[SOURCE DATA — start]

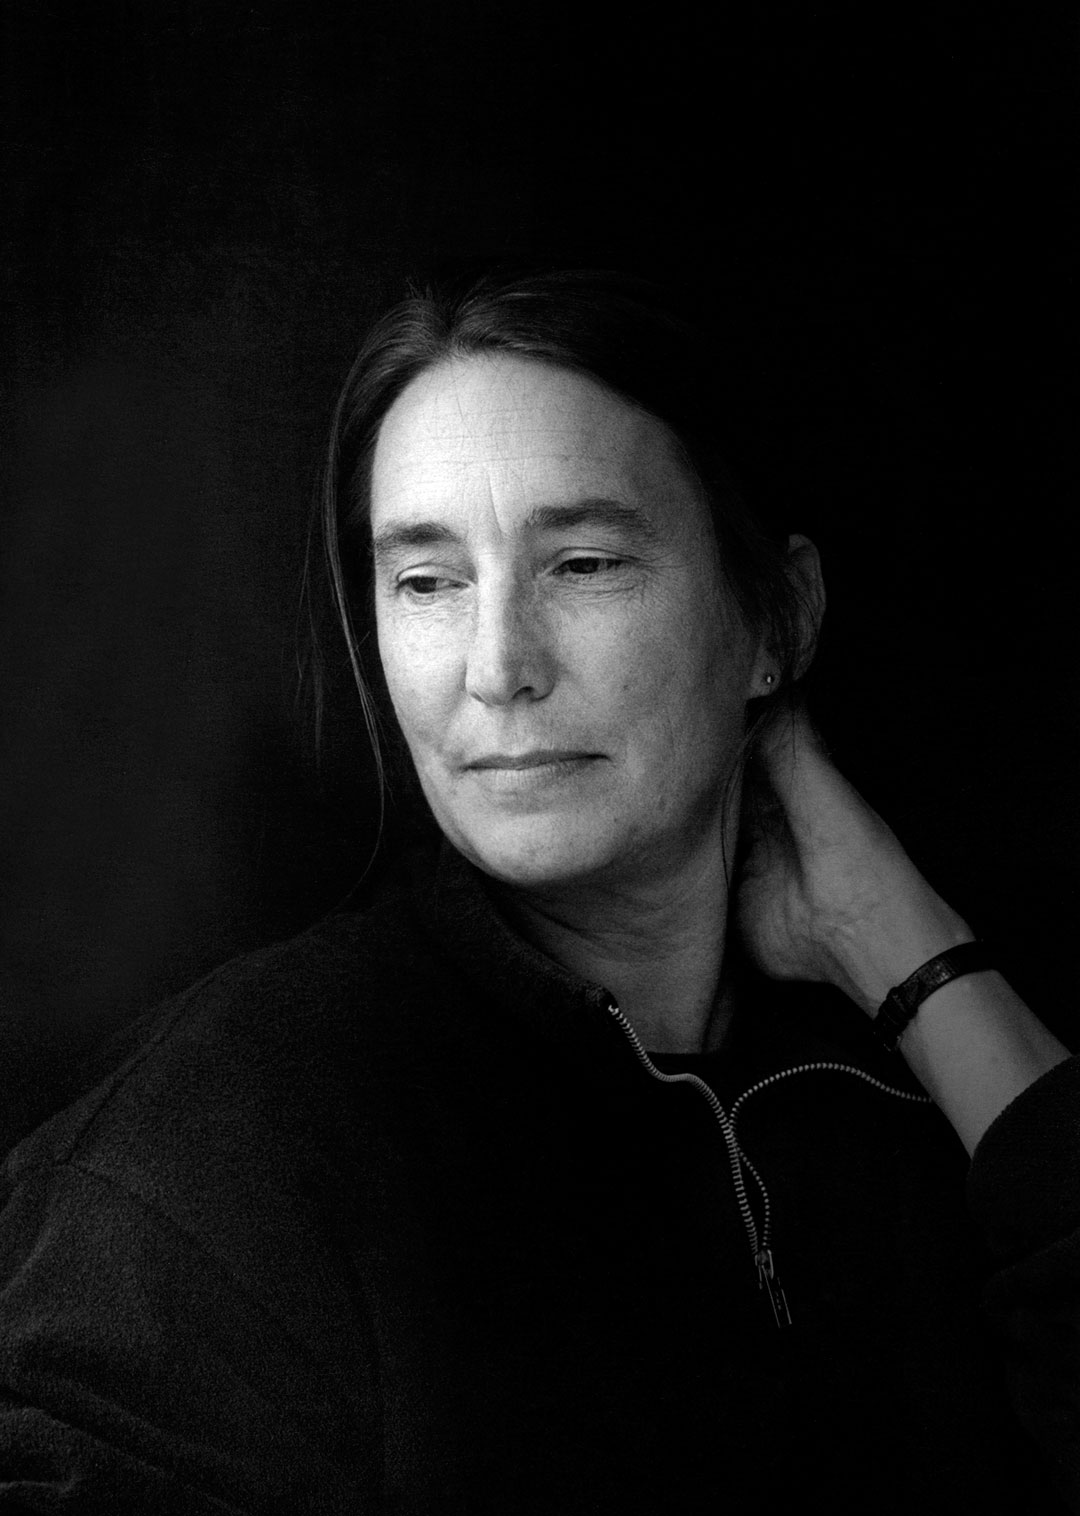 Portrait of Jenny Holzer by Nanda Lanfranco - image courtesy the artist
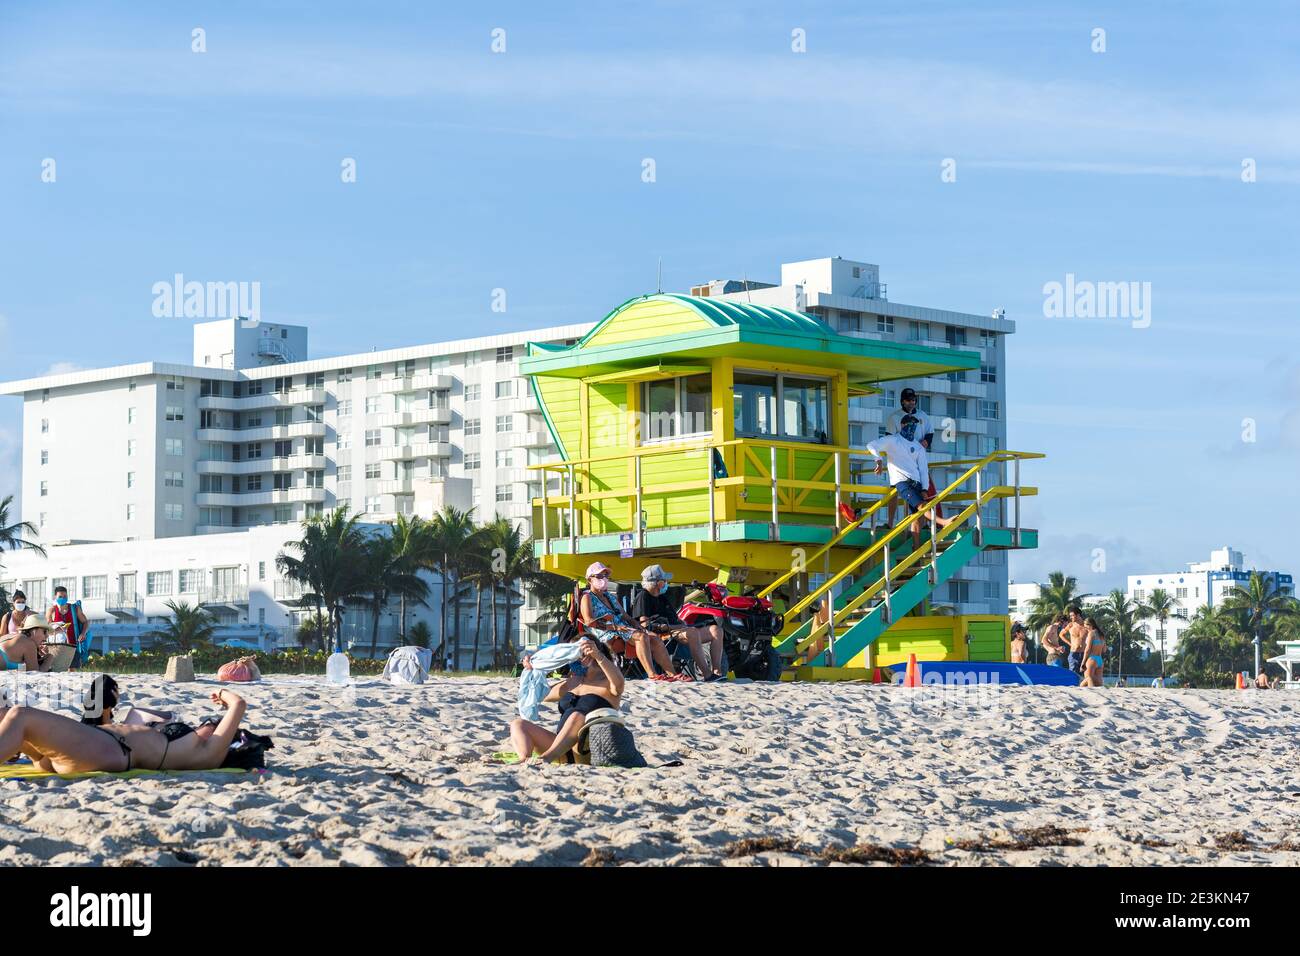 Miami, Florida - January 2, 2021: People Sunbathing in Miami Beach. Stock Photo
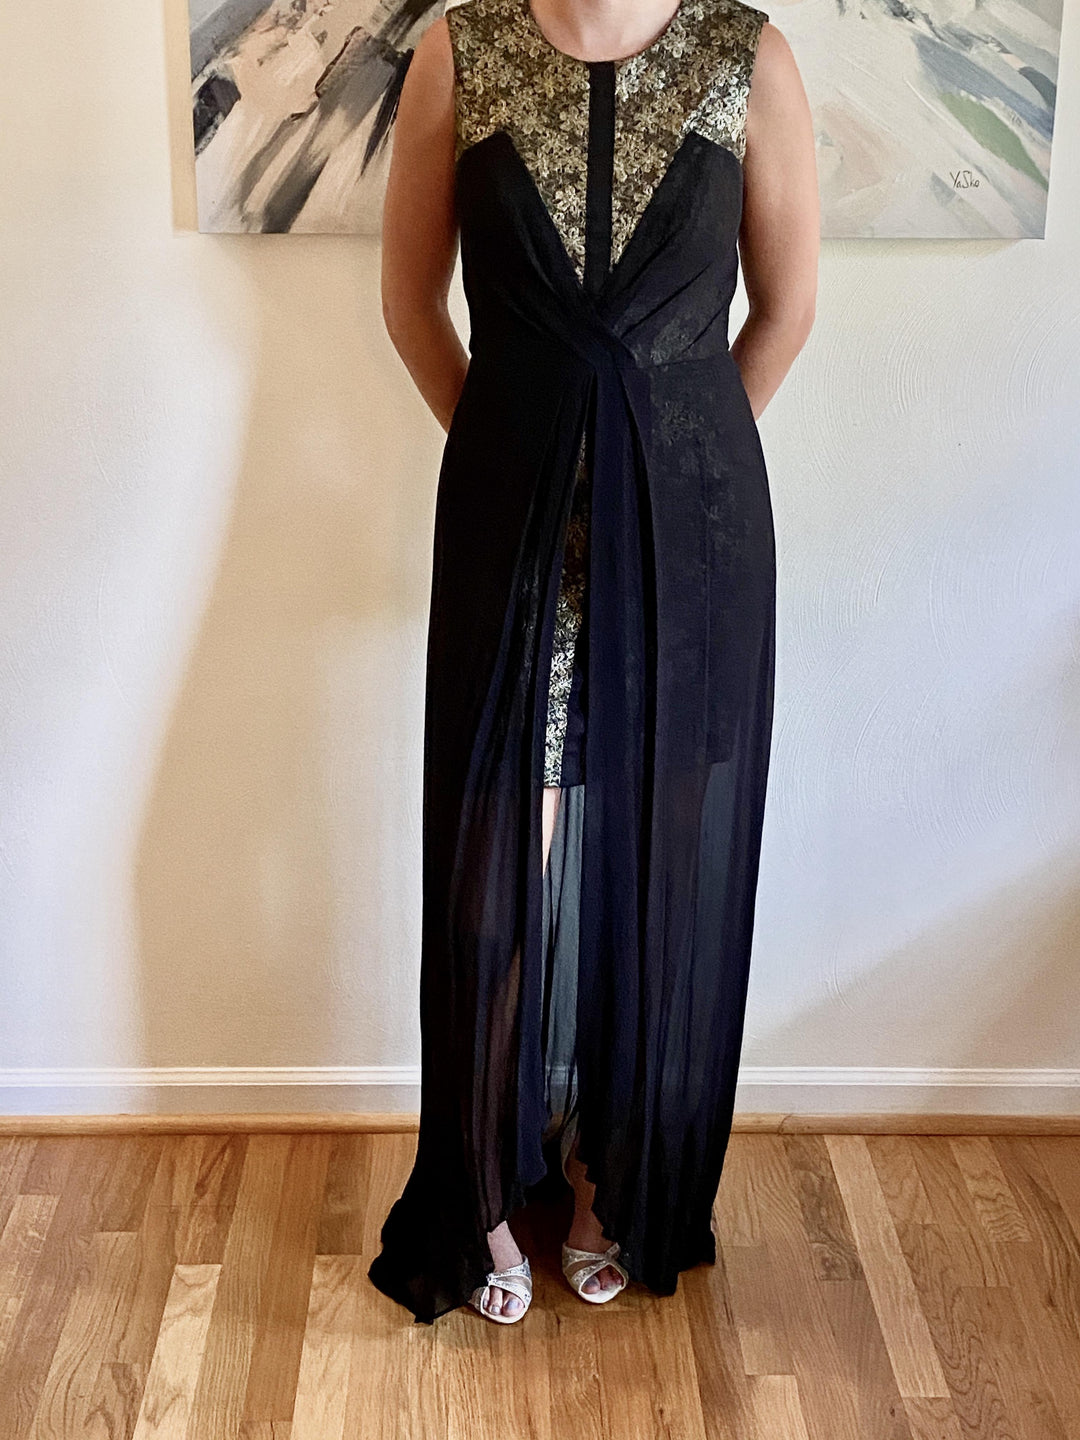 Nicole Miller Atelier Formal Gown
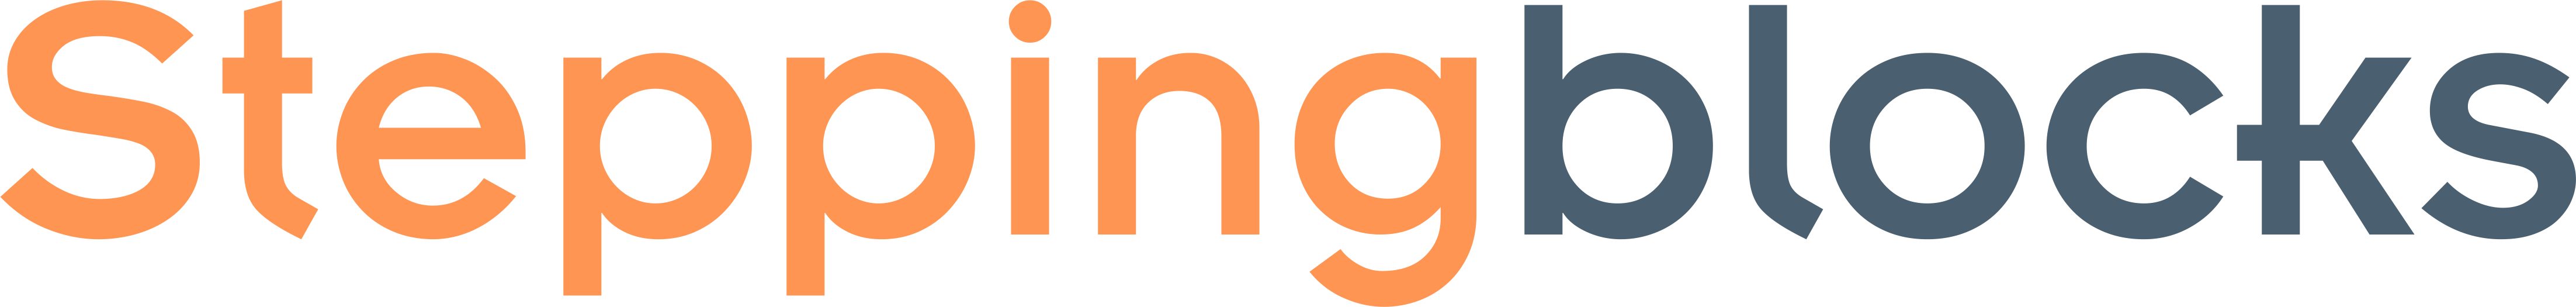 steppingblocks-logo-orange-gray.png
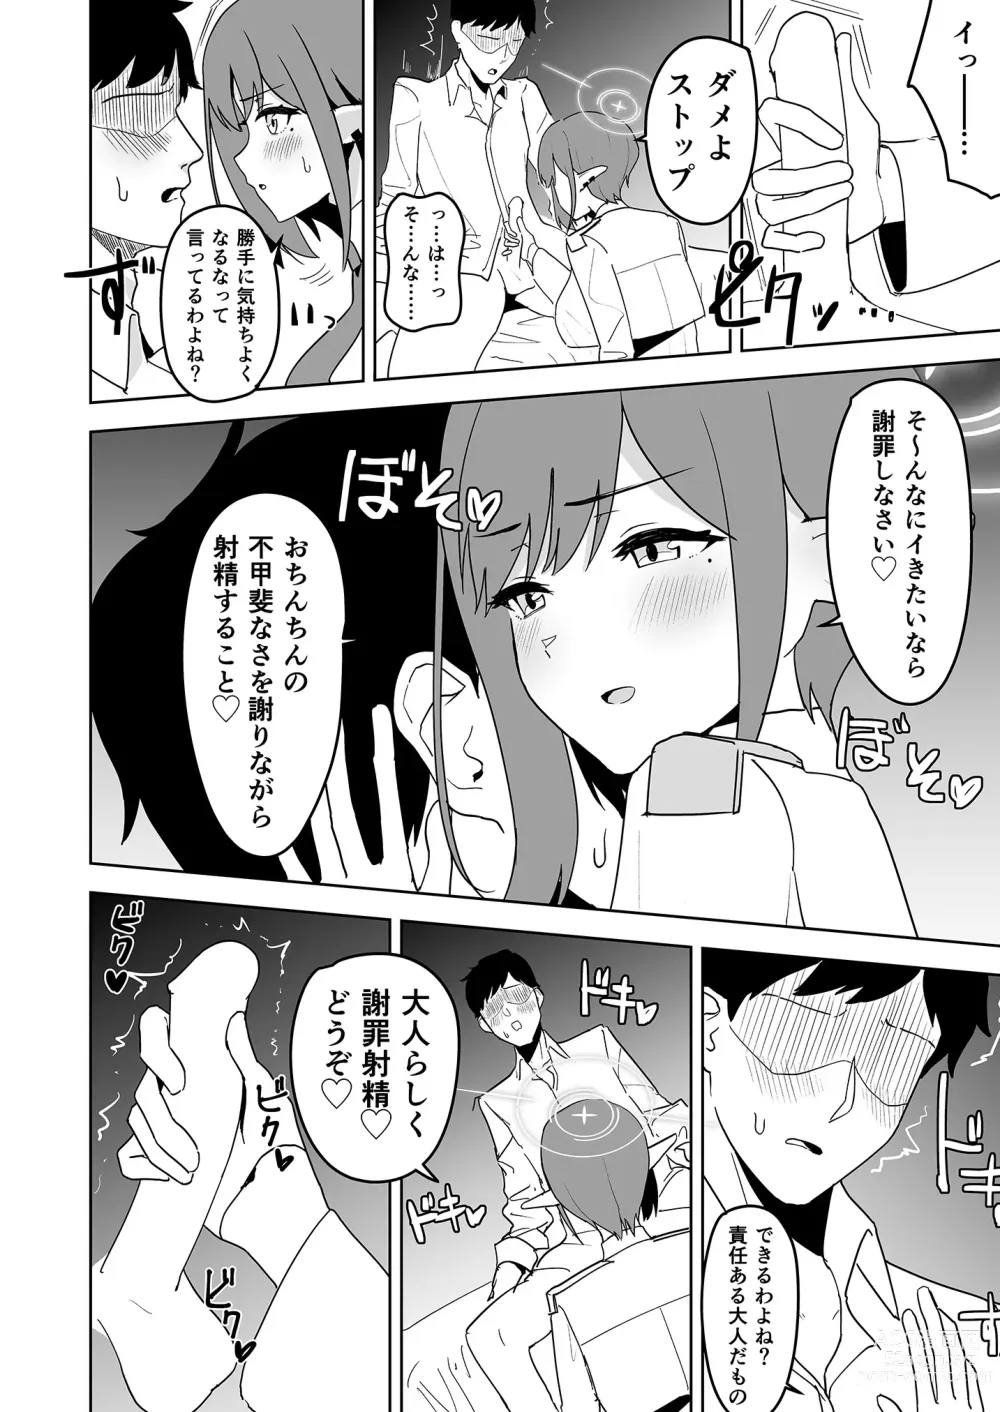 Page 13 of doujinshi Aoi ni Tekoki Shite Moraou - Lets Aoi give you a hand job.
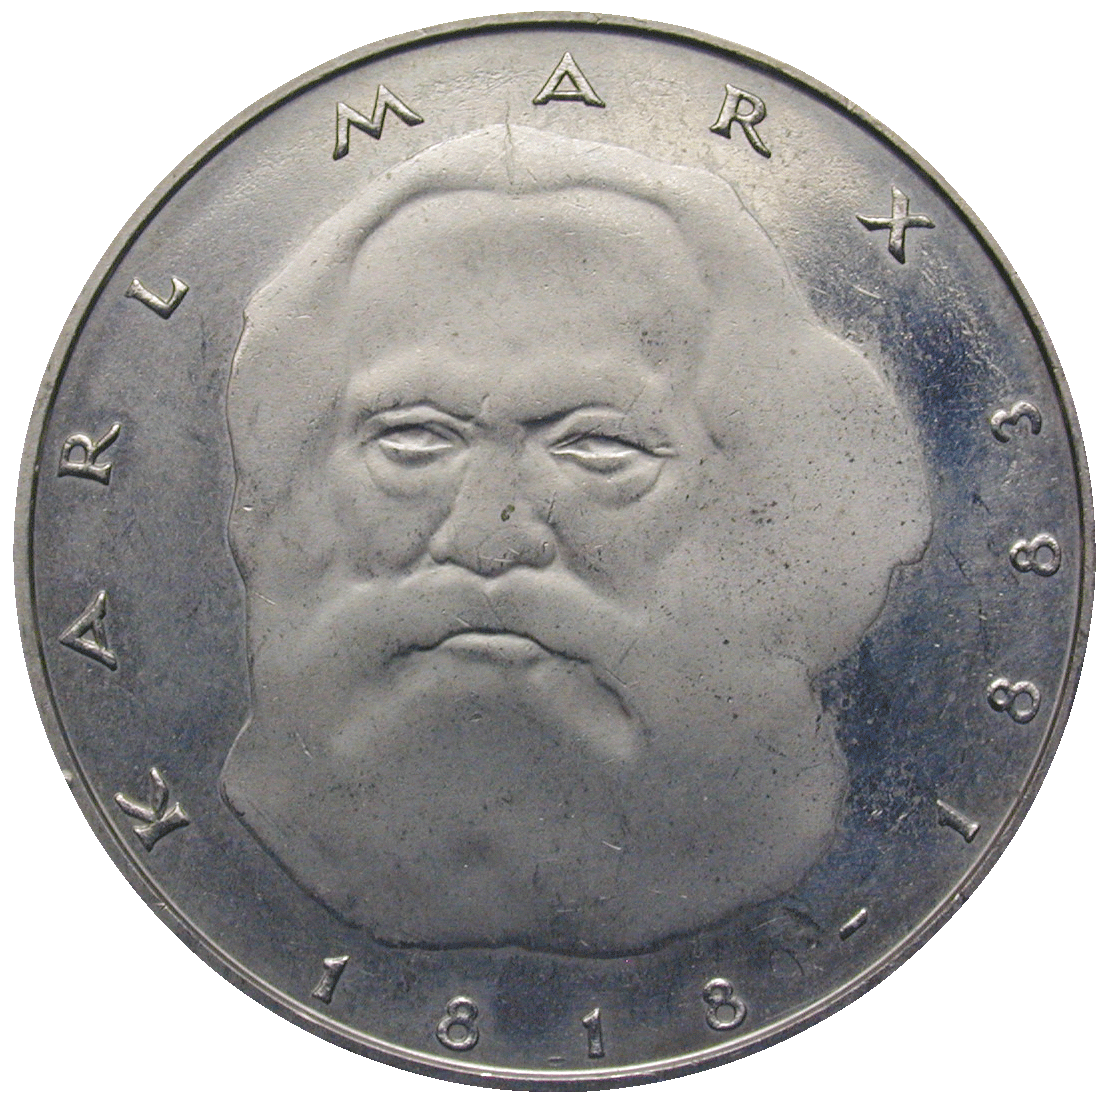 Federal Republic of Germany, 5 Deutsche Mark 1983 (reverse)

[SOURCE DATA — finish]

Return exactly the line containing "Miami, Florida - January" and every line after it, up to and including the final line of the entries above. Pictures stay out.

 Miami, Florida - January 2, 2021: People Sunbathing in Miami Beach. Stock Photo
 Nicole Miller Atelier Formal Gown
 steppingblocks-logo-orange-gray.png
 Page 13 of doujinshi Aoi ni Tekoki Shite Moraou - Lets Aoi give you a hand job.
 Federal Republic of Germany, 5 Deutsche Mark 1983 (reverse)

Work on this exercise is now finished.